• _Task goal_:
Reproduce the section of the listing that begins at the line containing "Free international shipping" and finishes at the line containing "Delft Dutch Polychrome". Include both end lines and nothing beyond them.

*** Records shown Section Begins ***

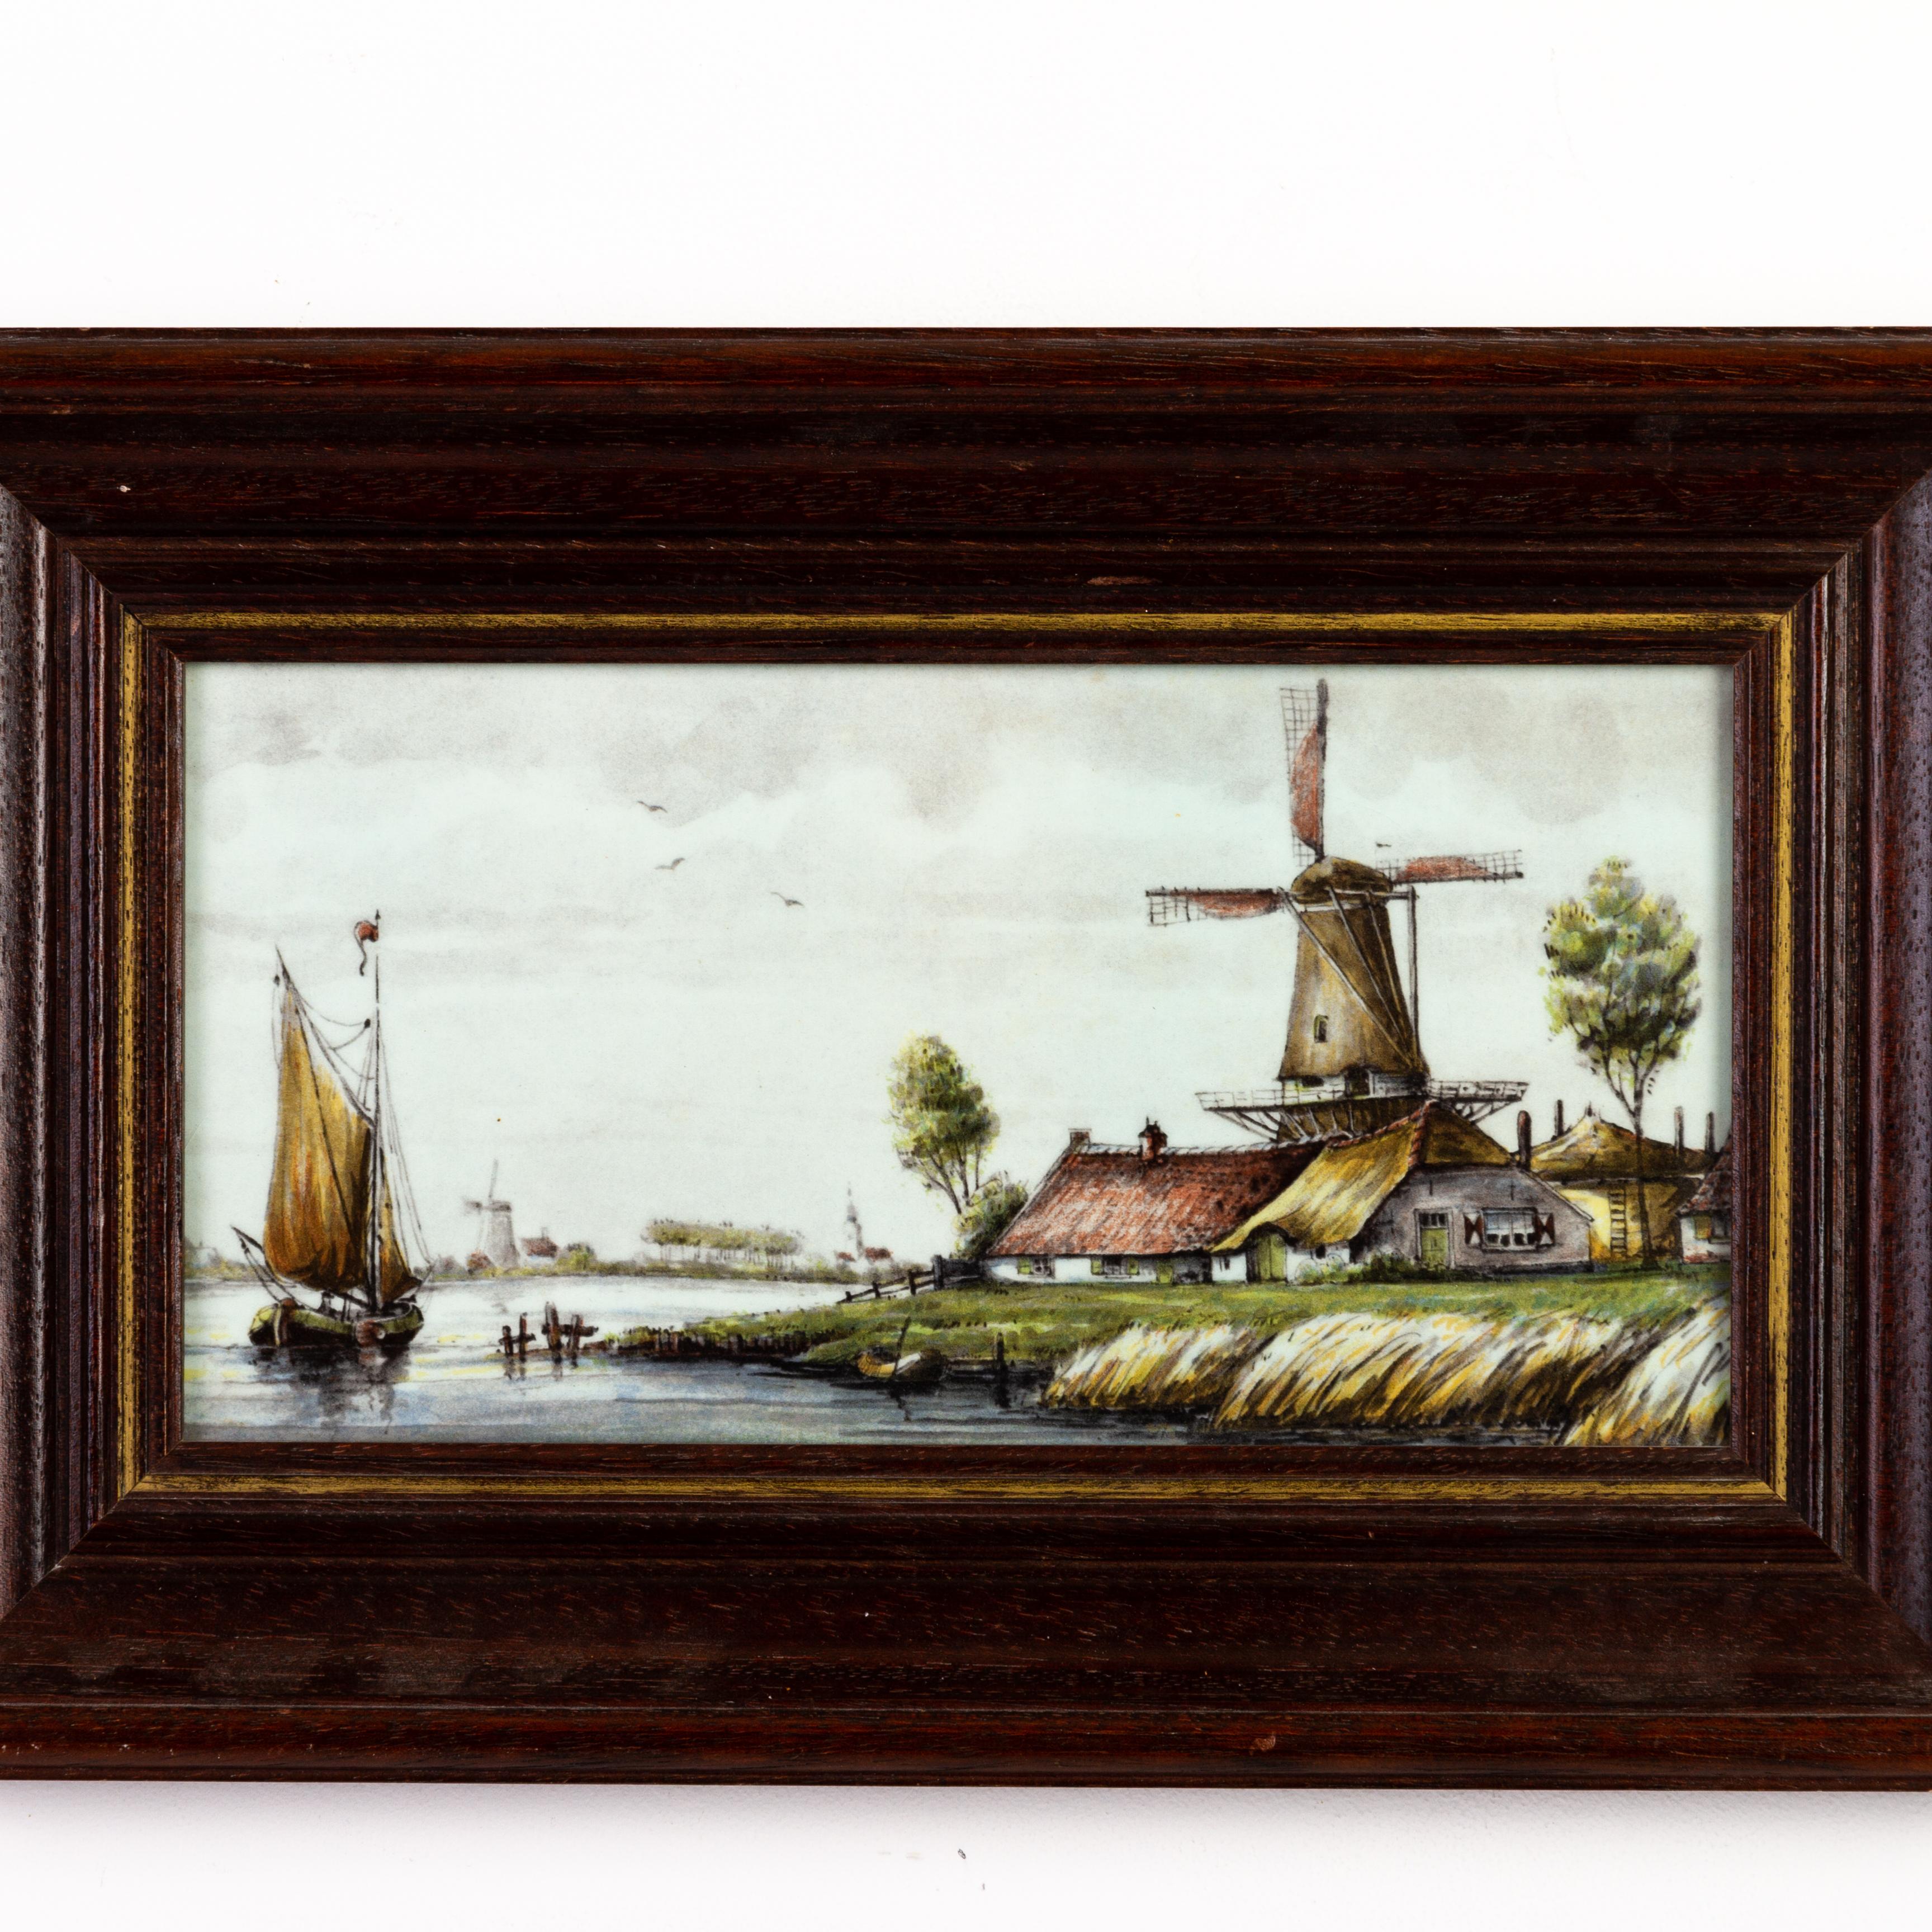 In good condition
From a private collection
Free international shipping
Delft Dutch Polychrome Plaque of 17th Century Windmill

*** Records shown Section Ends ***
*** Records shown Section Begins ***

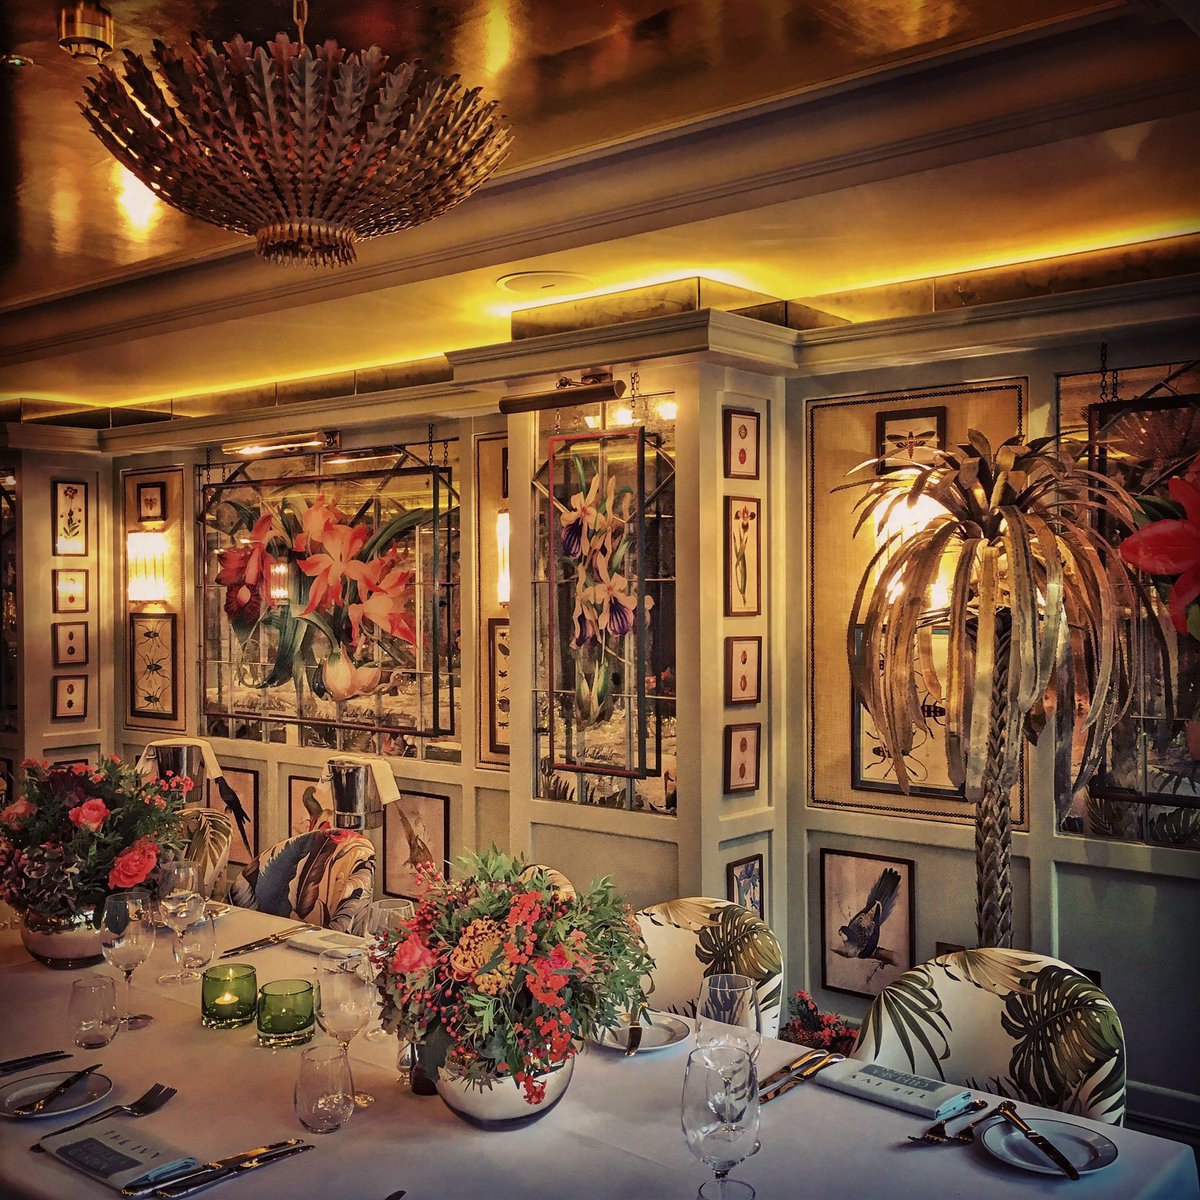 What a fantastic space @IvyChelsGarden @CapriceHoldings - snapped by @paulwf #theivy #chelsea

*** Records shown Section Ends ***

• _Result of the exercise_:
Free international shipping
Delft Dutch Polychrome Plaque of 17th Century Windmill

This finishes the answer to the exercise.